"I don't know," said the emir. "They never allow strangers to enter their country. They are a very ancient people, and they fight so well in their mountains that even the Turks have not been able to conquer them."
"But can't we make overtures?" said Tancred.
"That is what I have done," said Fakredeen. "The Queen of the Ansarey has heard about you, and I have arranged that we should go and see her as soon as the Syrian assembly was over. Everything is ready for our journey, so, if you like, we will start at once."
It was a difficult expedition, as the Queen of the Ansarey was then waging war on the Turkish pasha of Aleppo. Happily, the travellers came upon a band of Ansareys who were raiding the Turkish province, and were led by them through their black ravines to the fortress palace of the queen.
She received them, sitting on her divan, clothed in a purple robe, and shrouded in a long veil. This she took off when Tancred came towards her, and he marvelled at the strangeness of her beauty. There was nothing oriental about her. She was a Greek girl of the ancient type, with violet eyes, fair cheeks, and dark hair.

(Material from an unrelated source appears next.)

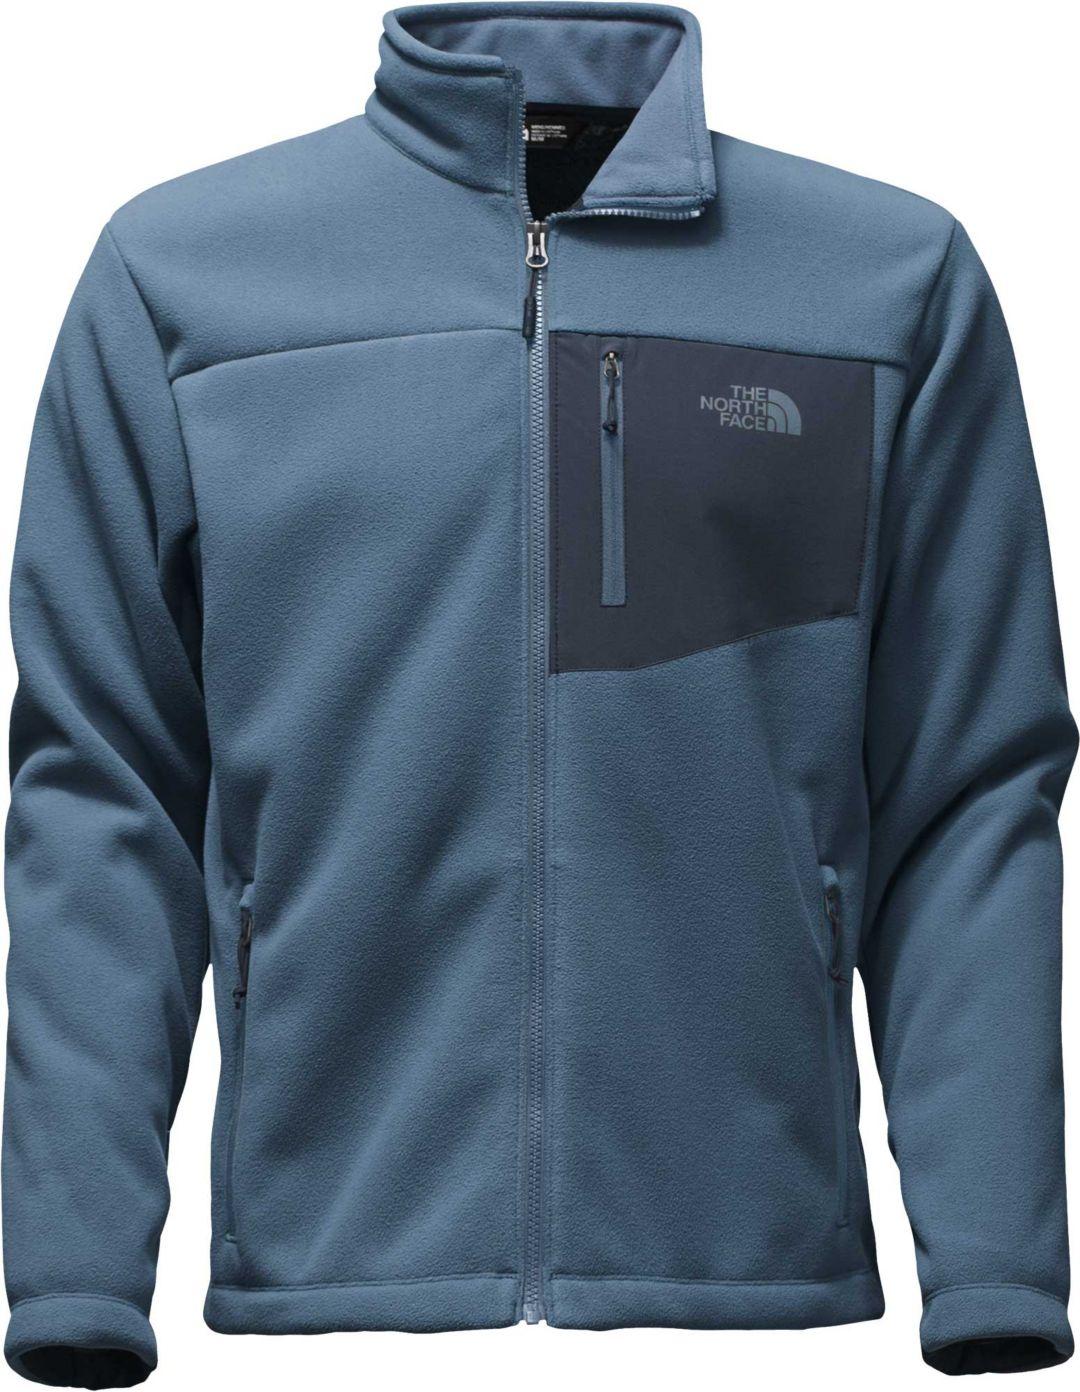 bf5275acb The North Face Men's Chimborazo Full Zip Fleece Jacket | DICK'S ...
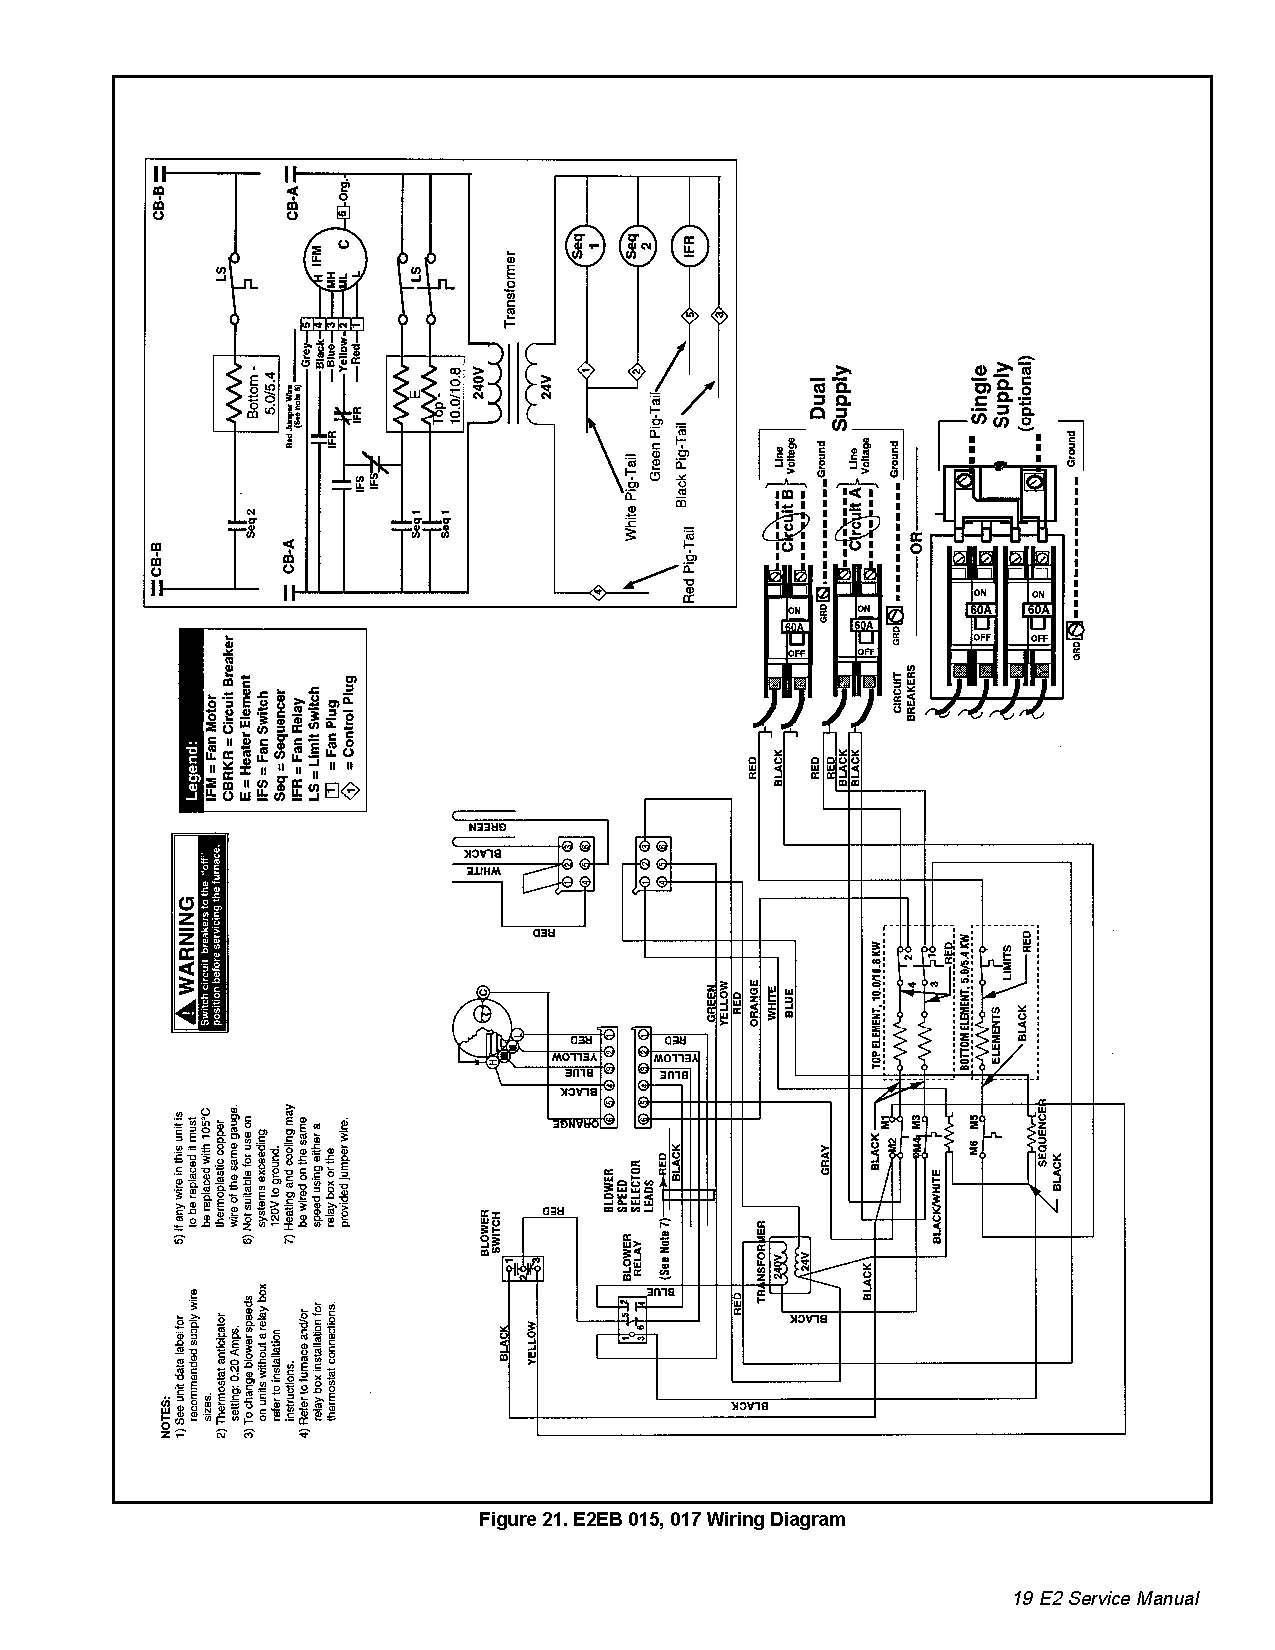 Intertherm E2eb 015ha Wiring Diagram

"Prince," she said, "we are a people who wish neither to see nor to be seen. We do not care what goes on in the world around. Our mountains are wild and barren, but while Apollo dwells among us, we do not care for gold, or silk, or jewels."
"Apollo!" cried Tancred. "Are the gods of Olympus still worshipped on earth?"
"Yes, Apollo still lives among us, and another greater than Apollo," said the young queen, looking at Tancred long and earnestly. "Follow me, and you shall now behold the secret of the Ansarey."
Her maidens adorned her with a garland of roses, and put a garland on the head of Tancred, and she led him through a portal of bronze, down an underground passage, into an Ionic temple, filled with the white and lovely forms of the gods of ancient Greece.
"Do you know this?" said the queen to Tancred, looking at a statue in golden ivory, and then at the young Englishman, whose clear-cut features and hyacinthine locks curiously resembled those of the carven image.